A tournament description file looks like this (for a tournament with a group stage, consisting of eight teams and with a single elimination stage for the two best teams from each group):

ID GROUP8
TEAMS 8
TOURNAMENTSTAGE 3 FINAL
MATCH
.ID FINALE
TOURNAMENTSTAGE 2 SEMIFINALS
MATCH
.ID SEMIFINALE1
.WIN FINALE
MATCH
.ID SEMIFINALE2
.WIN FINALE
TOURNAMENTSTAGE 1 PRELIMINARY_GROUPPLAY
GROUP
.ID GROUP1
.PLACETOMATCH 1 SEMIFINALE1
.PLACETOMATCH 2 SEMIFINALE2
GROUP
.ID GROUP2
.PLACETOMATCH 1 SEMIFINALE2
.PLACETOMATCH 2 SEMIFINALE1

The ID is an internal identifier which is resolved to a string in the currently active language, the TEAMS identifier tells the parser how many teams who can sign up for this tournament, and the rest of the lines are descriptions of the different stages of the tournament. The file can be parsed top-to-bottom, as the identifiers mentioned later in the file already exists higher up in the hierarchy. The .WIN commands tells the parser where the winning team should move next, and the .PLACETOMATCH commands indicates where the different places in the group stage should move next. If I wanted to add a lower bracket too, I’d simply add .PLACETOMATCH 3 LOWERBRACKET1 and a MATCH with .ID LOWERBRACKET1.

You could of course use XML for this instead, but this very simple and very easy to parse language has so far created a total of almost 25.000 tournaments, and everything has worked without a hitch. After resolving the first issues with the parser in my development version, there are now several new tournament formats that has been added (such as a tournament with 256 teams) in the years after the application was released.

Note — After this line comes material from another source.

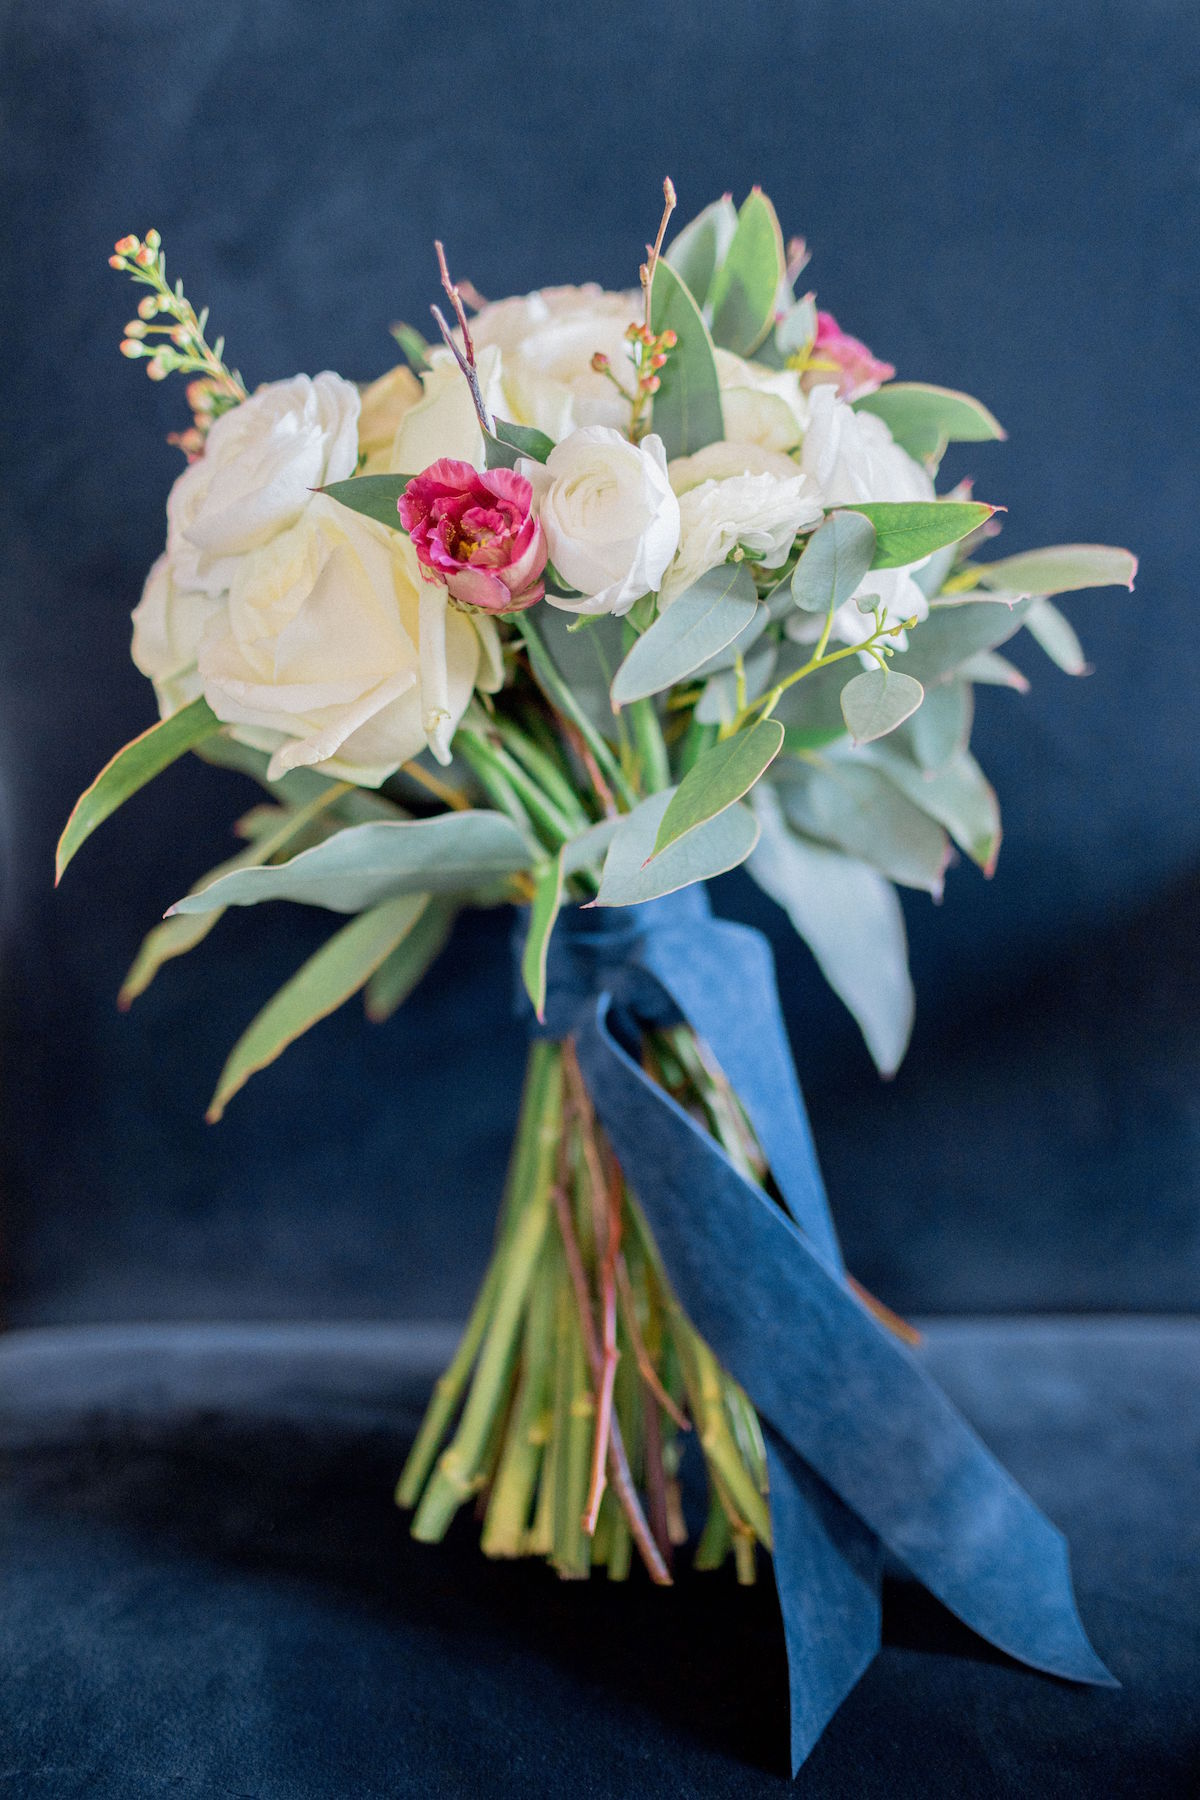 Rose bouquet with blue velvet ribbon

This was just a very small introduction to the concept of micro languages, and you’ll find loads of more information about them online. You may ask what the difference between a micro language and a configuration file is, and the truth is that they’re quite similiar. But as the configuration file describes different settings for the application, the micro language describe different rules for the application. You may of course have configuration files that also contain rules, but you’ll need a well-defined and expressive language to define your rules. The domain where this language is used is so small and limited (there are only that many different concepts that are used in tournaments), so a simple language as this fits. If you’re in a situation where the micro language evolves into a full fledged programming language, you’d probably be better off with embedding an existing scripting language (such as Python), or moving the rules out into seperate modules in your application.